Language

English

Publication Date

3-1-2023

Journal

JACC: Advances

DOI

10.1016/j.jacadv.2022.100197

PMID

38938315

PMCID

PMC11198672

PubMedCentral® Posted Date

2-8-2023

PubMedCentral® Full Text Version

Post-print

Abstract

Background: The effects of aspirin in adults without atherosclerotic cardiovascular disease (ASCVD), stratified by statin use across different ASCVD risks, remain uncertain.

Objectives: The purpose of this study was to examine the effects of aspirin in adults without ASCVD, stratified by statin use across different ASCVD risks.

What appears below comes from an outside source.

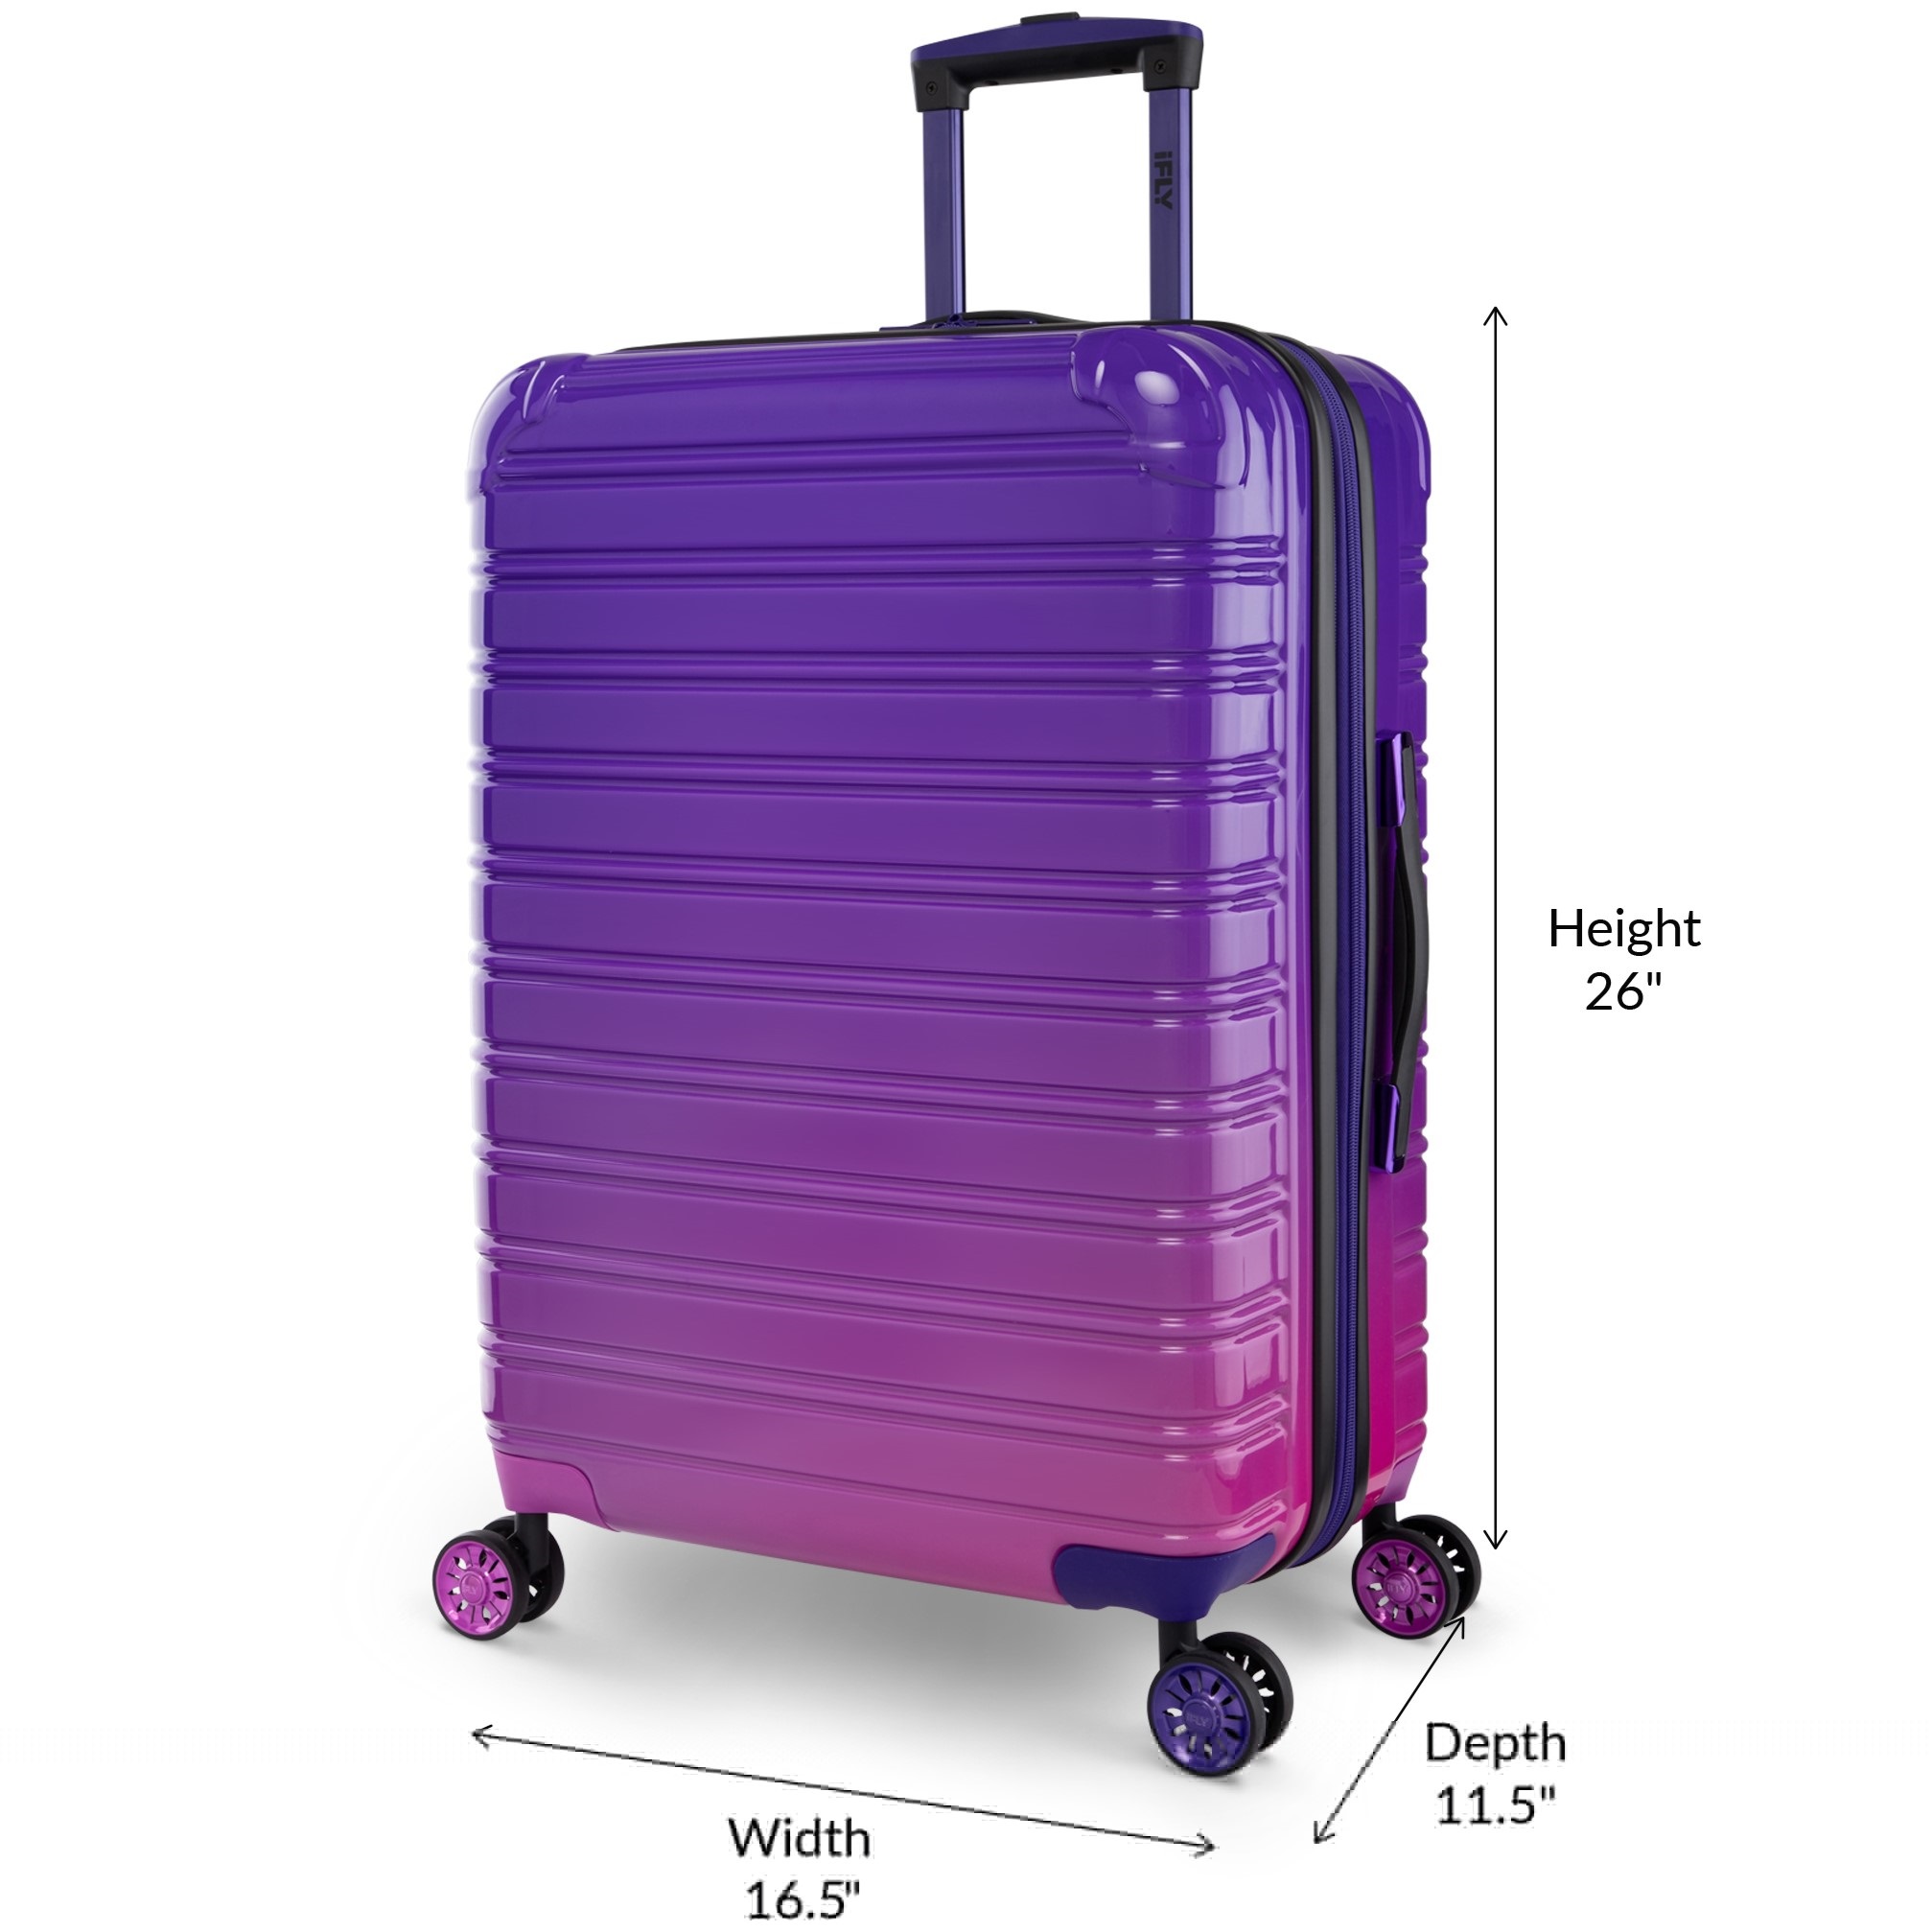 VALI MÀU TÍM LOANG DU LỊCH IFLY FIBERTECH OMBRE HARDSIDE LUGGAGE IN MIDNIGHT BERRY 12

Methods: We searched databases through March 2022 and selected randomized controlled trials of aspirin without ASCVD and follow-up of ≥1 year. We used random-effects models and estimated relative and absolute risks for cardiovascular outcomes, major bleeding, and mortality over 5 years. We calculated absolute risk differences assuming constant relative risks (RRs) across statin use and ASCVD risks. The Cholesterol Treatment Trialists Collaboration, and the ASCEND (A Study of Cardiovascular Events in Diabetes) trial were used to estimate baseline risks.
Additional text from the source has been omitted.